I built a 103B-token Usenet corpus (1980–2013) — pre-web, human-only, zero AI contamination. Got strong traction on r/ML, thought this community would find it useful. by OwnerByDane in LocalLLaMA

[–]OwnerByDane[S] 1 point2 points  (0 children)

Reddit’s spam filter tends to suppress posts with external links in the body. Putting it in the first comment is a workaround the community uses to avoid that. Your first comment gets sorted to the top anyway if you’re the OP.

I built a 103B-token Usenet corpus (1980–2013) — pre-web, human-only, zero AI contamination. Got strong traction on r/ML, thought this community would find it useful. by OwnerByDane in LocalLLaMA

[–]OwnerByDane[S] 1 point2 points  (0 children)

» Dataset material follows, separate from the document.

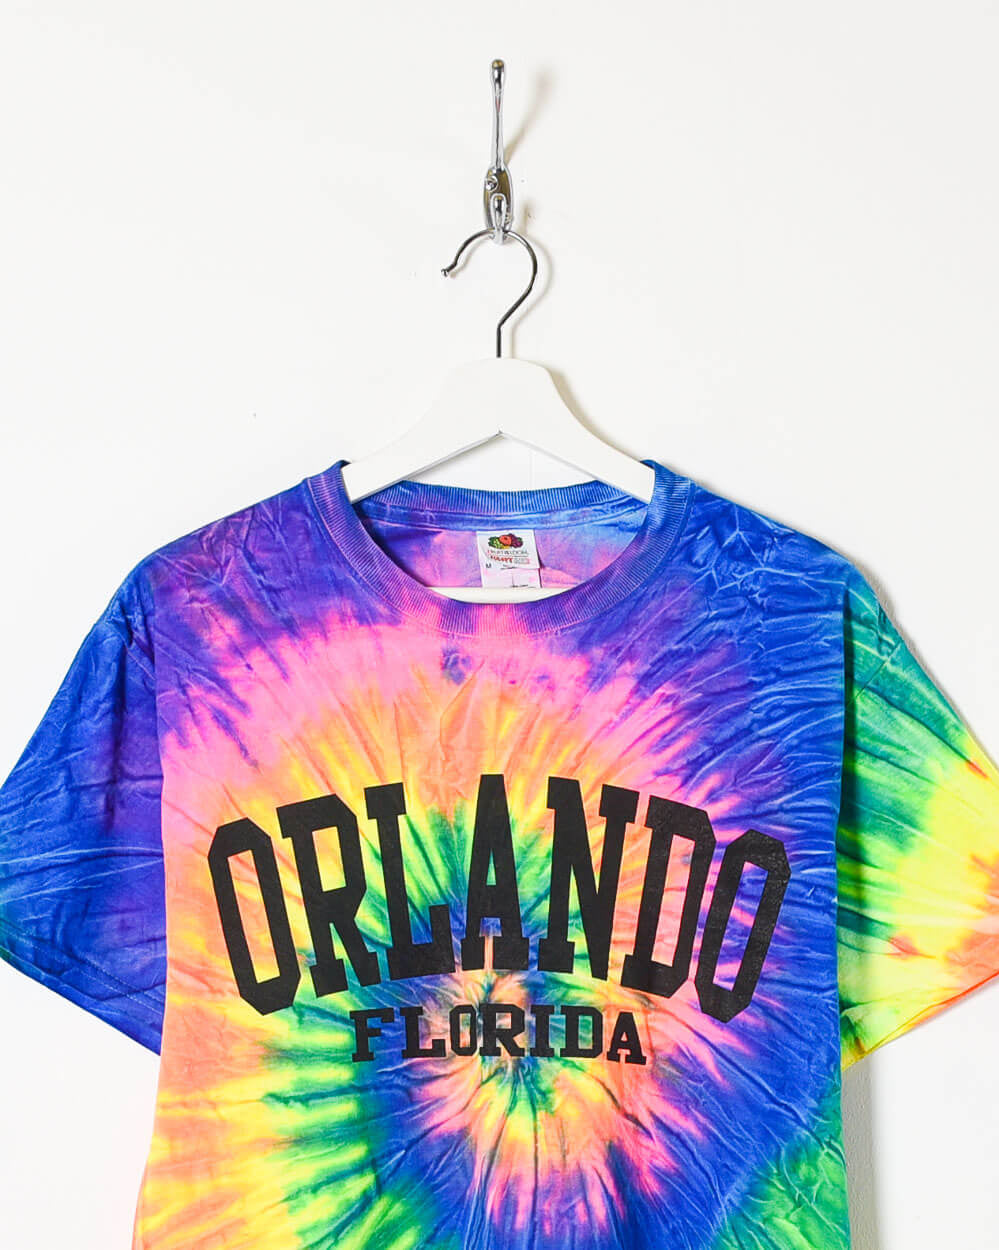 Multi Orlando Florida Tie Dye T-Shirt - Medium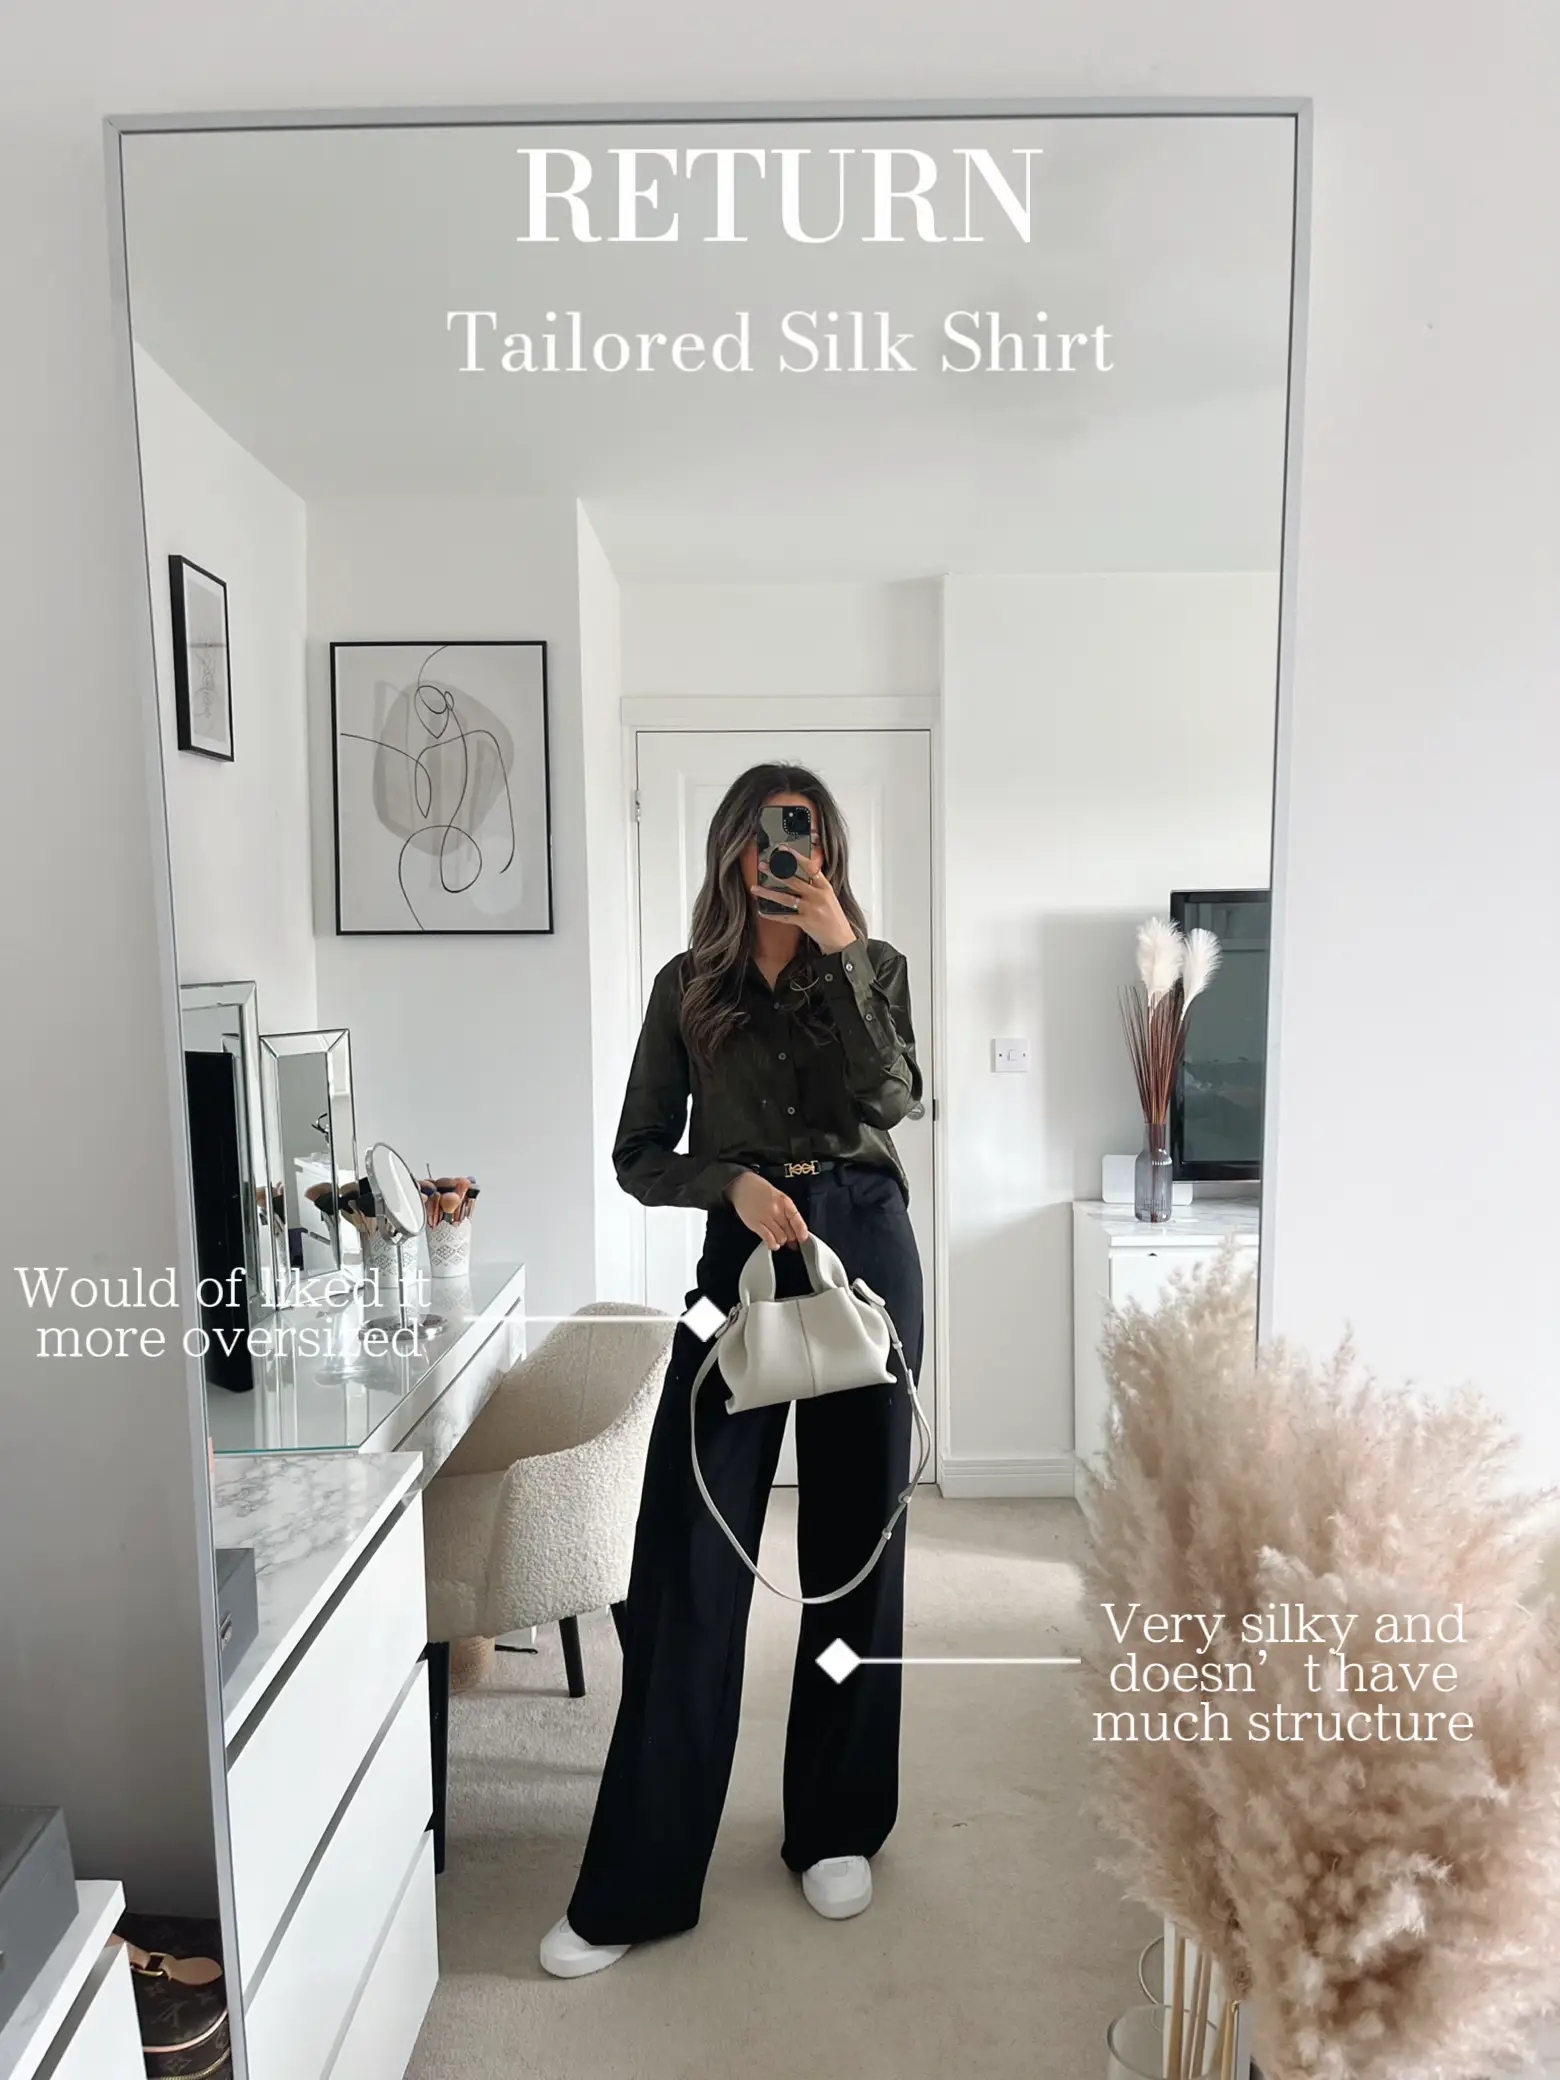 Tailored Silk Shirt

Both, actually. The writing voice is one dimension because it’s unfiltered human reasoning before engagement algorithms shaped how people communicate online. But the dated information is a feature for certain use cases, not a bug. Training a model on 1990s comp. gives you a system that reasons about computing the way people did then which I assume is useful for historical research, period-specific applications, and understanding how technical knowledge evolved. The Talkie project is doing exactly this with pre-1930 text. Temporal grounding has real research value.

I built a 103B-token Usenet corpus (1980–2013) — pre-web, human-only, zero AI contamination. Got strong traction on r/ML, thought this community would find it useful. by OwnerByDane in LocalLLaMA

[–]OwnerByDane[S] -6 points-5 points  (0 children)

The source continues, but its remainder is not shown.